_Requirement_. Among the lines below, take the one holding "First Start to", the one holding "Sheet-Music and Mandolin", and all lines between them. Set them down exactly.

(Data items)

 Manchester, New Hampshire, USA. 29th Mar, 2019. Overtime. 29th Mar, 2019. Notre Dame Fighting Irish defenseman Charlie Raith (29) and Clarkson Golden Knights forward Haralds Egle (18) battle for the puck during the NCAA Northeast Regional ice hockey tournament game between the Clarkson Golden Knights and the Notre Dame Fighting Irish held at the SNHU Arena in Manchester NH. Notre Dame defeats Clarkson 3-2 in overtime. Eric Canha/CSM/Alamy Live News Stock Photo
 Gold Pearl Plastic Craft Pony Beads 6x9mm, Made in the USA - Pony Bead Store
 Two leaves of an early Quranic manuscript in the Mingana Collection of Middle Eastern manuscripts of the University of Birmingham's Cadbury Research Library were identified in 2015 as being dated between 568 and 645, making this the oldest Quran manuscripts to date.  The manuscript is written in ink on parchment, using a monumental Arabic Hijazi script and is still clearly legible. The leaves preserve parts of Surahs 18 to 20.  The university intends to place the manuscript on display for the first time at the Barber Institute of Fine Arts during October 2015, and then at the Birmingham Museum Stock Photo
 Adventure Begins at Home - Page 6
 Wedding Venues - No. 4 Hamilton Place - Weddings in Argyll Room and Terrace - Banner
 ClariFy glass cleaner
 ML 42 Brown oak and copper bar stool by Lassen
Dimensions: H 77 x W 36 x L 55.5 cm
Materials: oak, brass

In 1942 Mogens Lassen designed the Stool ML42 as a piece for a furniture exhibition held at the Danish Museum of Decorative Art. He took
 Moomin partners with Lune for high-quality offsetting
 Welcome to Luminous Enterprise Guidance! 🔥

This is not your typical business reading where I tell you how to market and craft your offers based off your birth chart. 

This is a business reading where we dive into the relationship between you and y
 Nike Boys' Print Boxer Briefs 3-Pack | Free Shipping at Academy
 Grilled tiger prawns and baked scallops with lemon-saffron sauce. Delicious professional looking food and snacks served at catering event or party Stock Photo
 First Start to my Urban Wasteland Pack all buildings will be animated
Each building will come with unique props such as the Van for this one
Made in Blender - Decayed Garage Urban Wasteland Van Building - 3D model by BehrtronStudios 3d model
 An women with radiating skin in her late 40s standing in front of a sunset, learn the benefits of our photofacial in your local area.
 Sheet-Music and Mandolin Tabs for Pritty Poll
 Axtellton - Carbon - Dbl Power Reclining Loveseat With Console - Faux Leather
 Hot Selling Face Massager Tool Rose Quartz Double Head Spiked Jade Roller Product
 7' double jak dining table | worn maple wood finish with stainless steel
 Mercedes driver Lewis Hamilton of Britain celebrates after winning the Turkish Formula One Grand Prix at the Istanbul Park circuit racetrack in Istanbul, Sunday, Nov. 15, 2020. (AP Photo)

_Exercise result_.
 First Start to my Urban Wasteland Pack all buildings will be animated
Each building will come with unique props such as the Van for this one
Made in Blender - Decayed Garage Urban Wasteland Van Building - 3D model by BehrtronStudios 3d model
 An women with radiating skin in her late 40s standing in front of a sunset, learn the benefits of our photofacial in your local area.
 Sheet-Music and Mandolin Tabs for Pritty Poll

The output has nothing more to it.